Article 10 Act: The constitution also applies to the Office for the Protection of the Constitution
We are taking the Article 10 Act to the European Court of Human Rights.
Photos, videos, private messages and stored contacts. With the spying software known as the state trojan, secret services can read out the data of end devices such as smartphones or computers without being noticed. The amendment of the Federal Constitutional Protection Act and the Article 10 Act has been allowing all 19 secret services to use this measure since mid-2021 – without sufficient control and low-threshold.
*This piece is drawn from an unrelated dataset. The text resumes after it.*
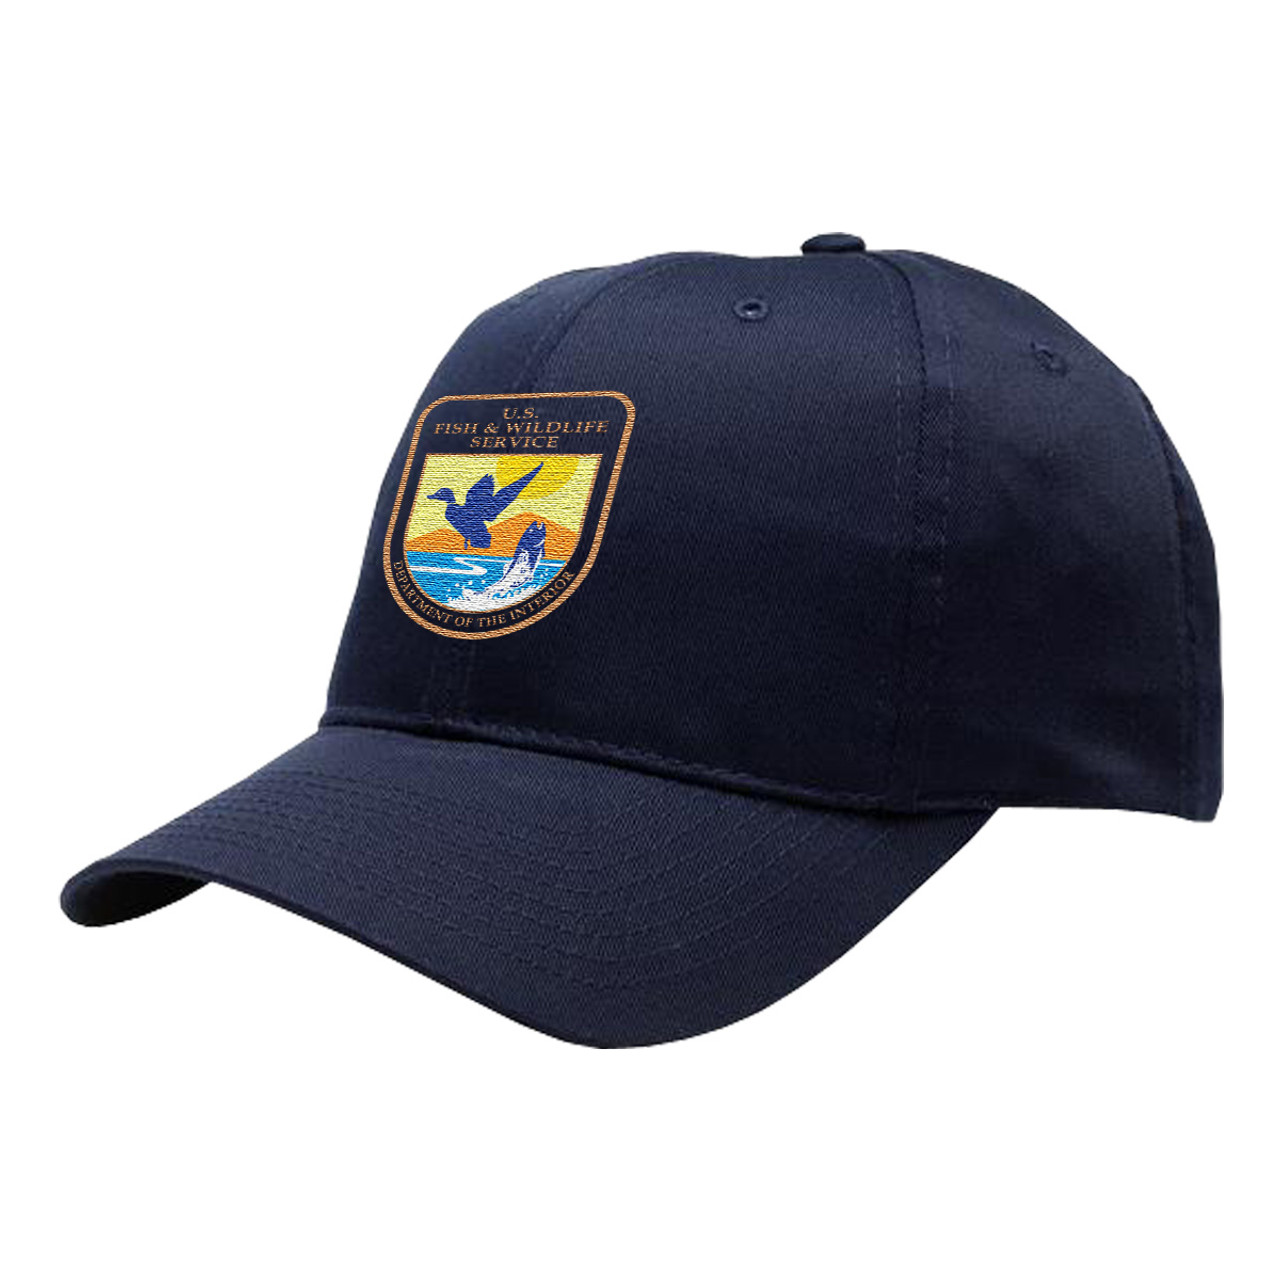 Fish & Wildlife Service Cap - Navy

The access to the end devices takes place secretly and is usually not disclosed afterwards, so that those affected cannot defend themselves against it. This clearly endangers the protection of the secrecy of telecommunications under Article 10 of the Basic Law. Since not only current communication is intercepted, but state trojans can also read out stored communication files, the so-called fundamental right of guaranteeing the confidentiality and integrity of information technology systems is also violated (Art. 2 para. 1 in conjunction with Art. 1 para. 1 GG).
However, not only the use of state trojans is problematic. The procurement and prerequisite for the use of state trojans in the first place also forces the government into a fundamental rights dilemma.
THE GOVERNMENT LEAVES GAPS OPEN AND RISKS CYBER ATTACKS
State trojans infiltrate end devices such as smartphones or computers through security vulnerabilities. These vulnerabilities exist due to flaws in the devices' software. In order to prevent foreign interference, the gaps would have to be reported to the manufacturers and then fixed. However, the government does not do this. Instead, it buys information about security vulnerabilities on the black market and uses it for its own surveillance purposes.
The Federal Constitutional Court has made it clear in the past that the government has a duty to protect IT security. This means that the government is obliged to actively contribute to the protection of information technology systems, e.g. in the form of a statutory vulnerability management in dealing with known IT security gaps. If the government exploits these gaps, it endangers the integrity of these systems and does not fulfil its duty to protect IT security.
GOING AFTER UNRESTRICTED DATA COLLECTION
We are also taking legal action against the intelligence information system (NADIS) before the ECtHR. German intelligence agencies use this system to share the data they have gathered—including a great amount of highly sensitive data obtained by using state trojans, among other means. There are currently hardly any regulations governing what data the services are allowed to store in NADIS and for how long, nor what rules apply to their interpretation. The court must also set effective limits for the intelligence services in this regard.